Goal of the exercise: With the pictures omitted, transcribe each line below exactly as it is.

Exercise data:
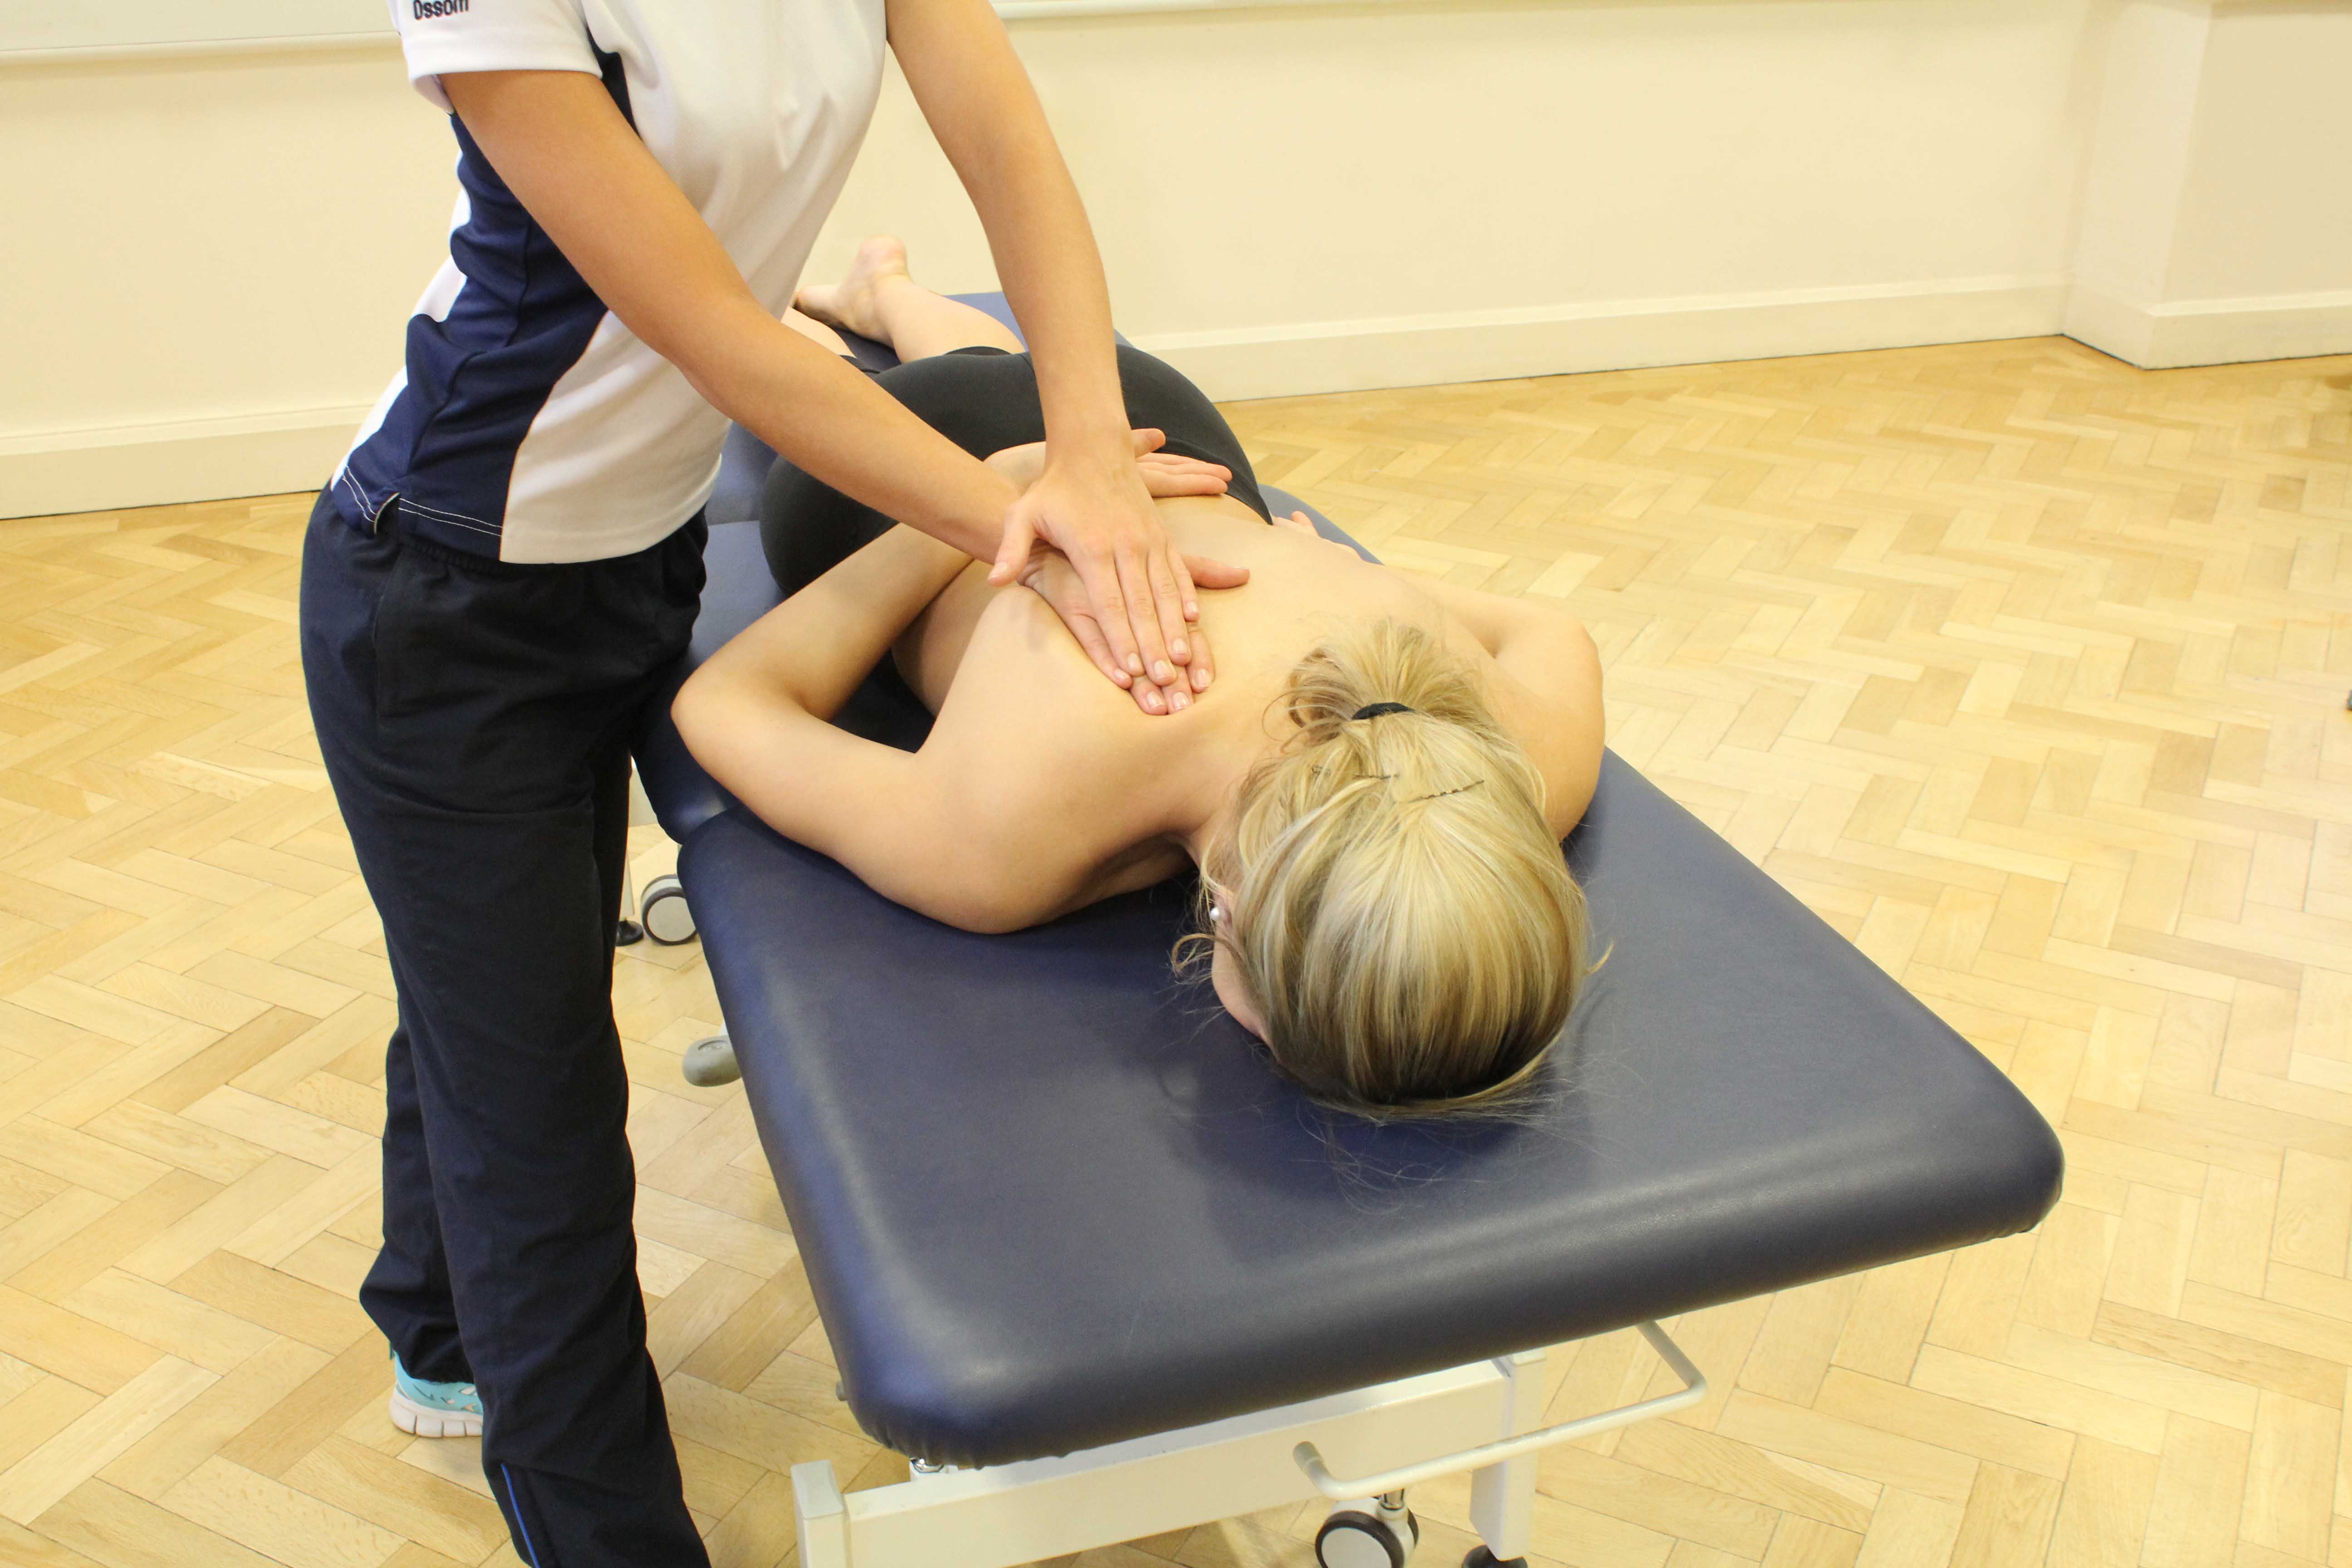 Soft tissue massage and stretches to relieve pain and stiffness
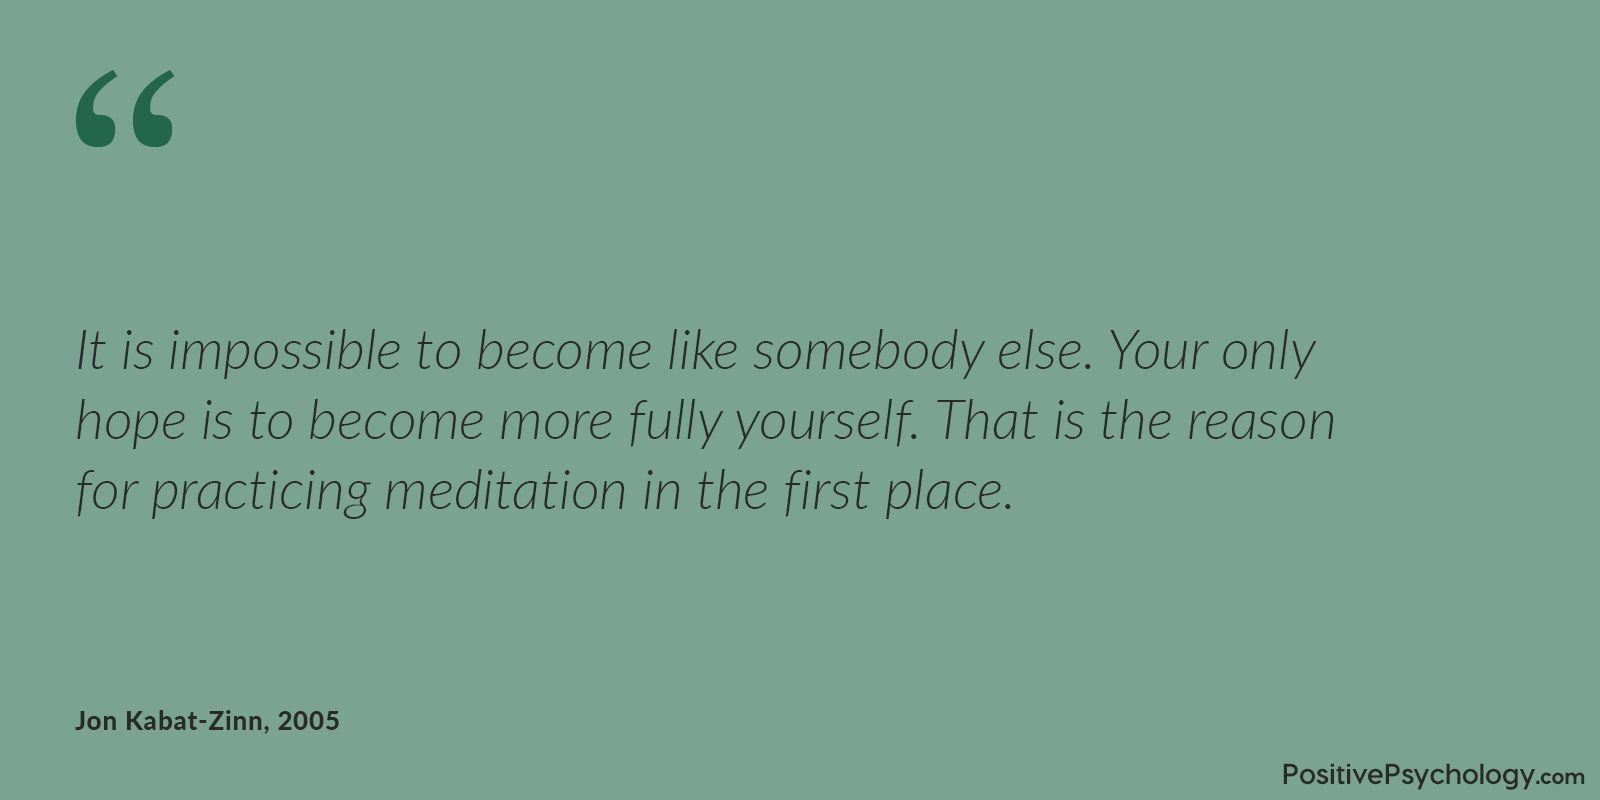 Become more fully yourself
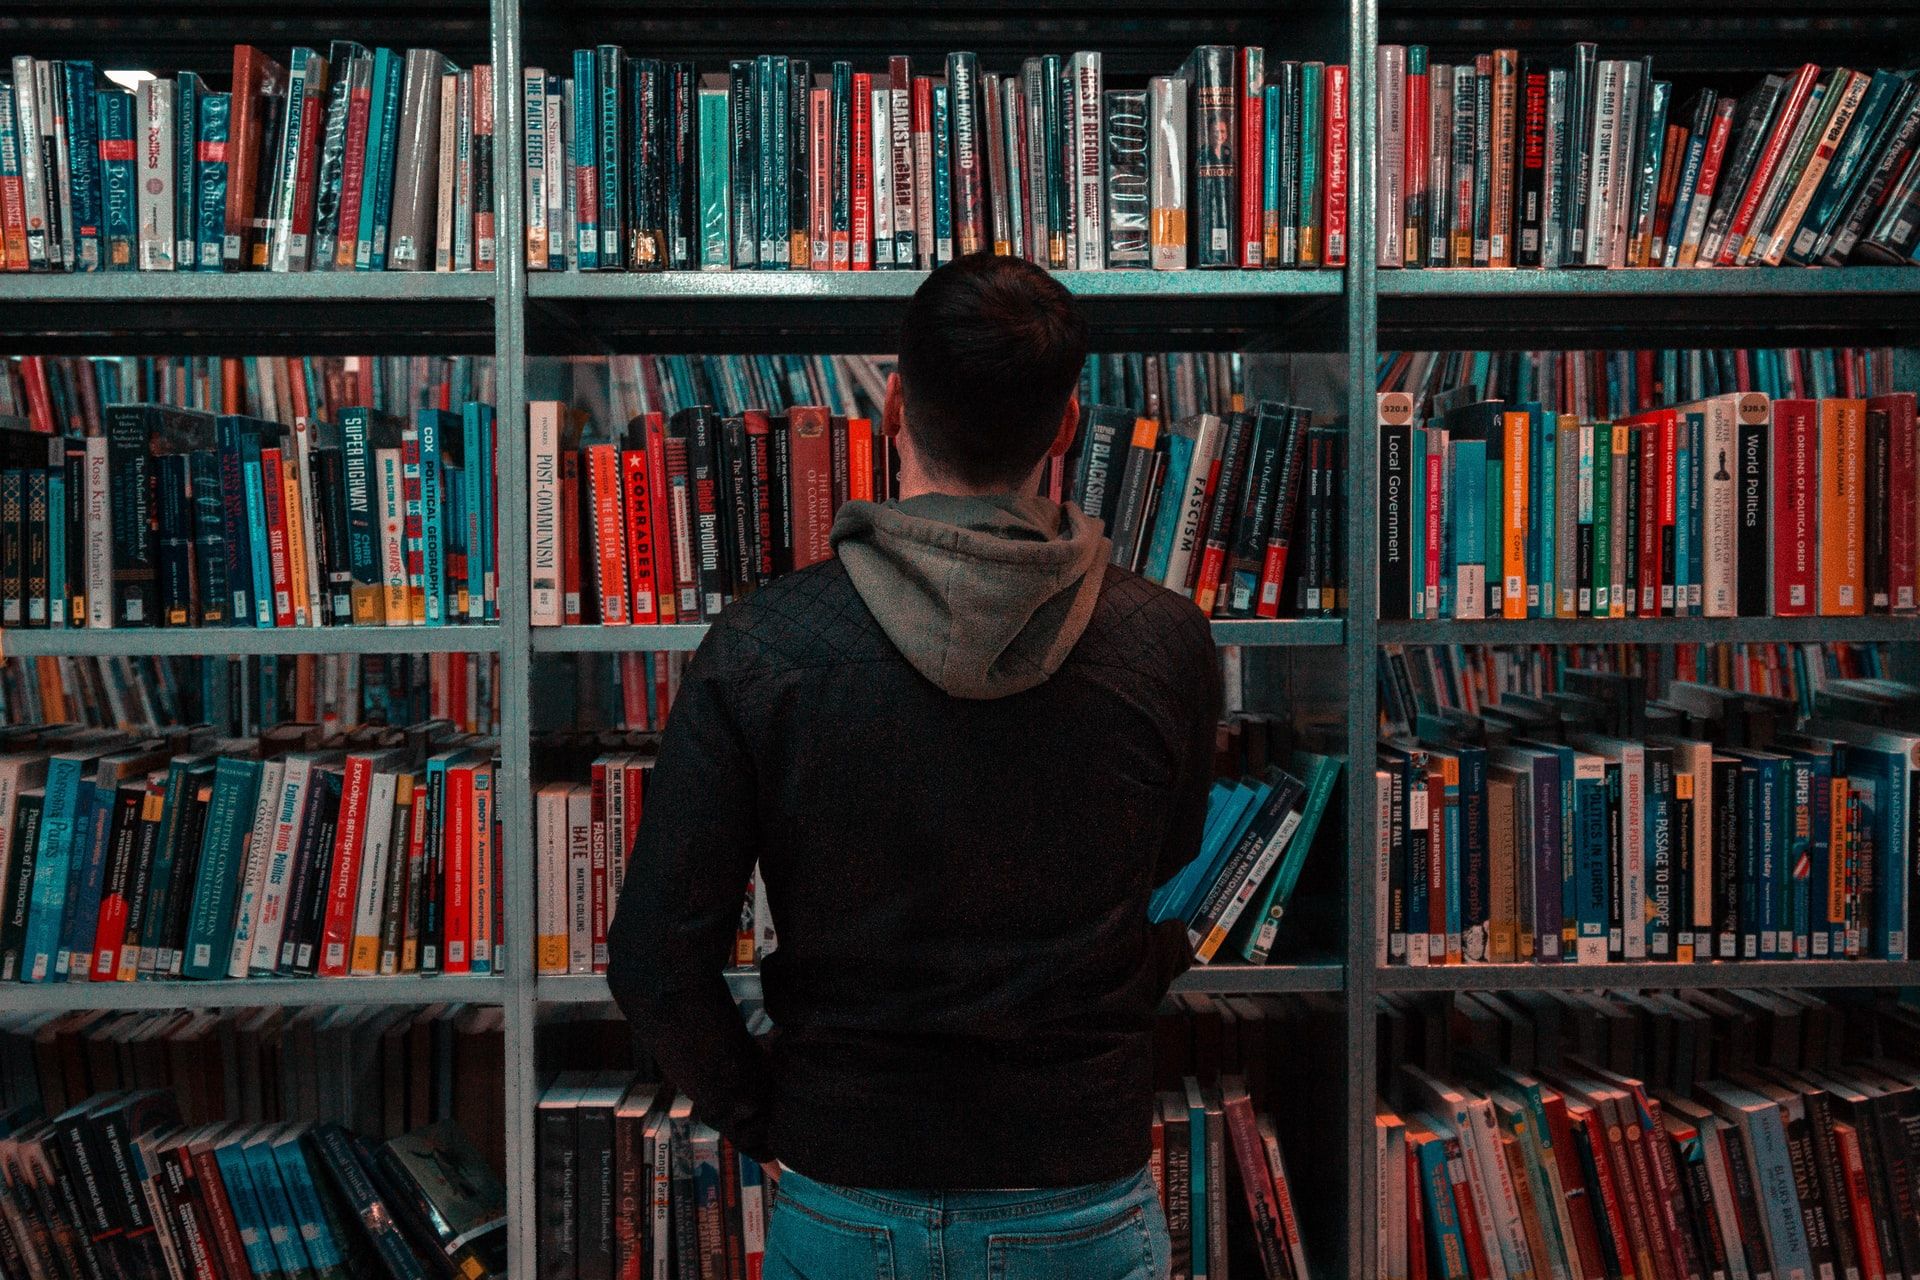 A person looking at a shelf of books in a library

Response area:
 Soft tissue massage and stretches to relieve pain and stiffness
 Become more fully yourself
 A person looking at a shelf of books in a library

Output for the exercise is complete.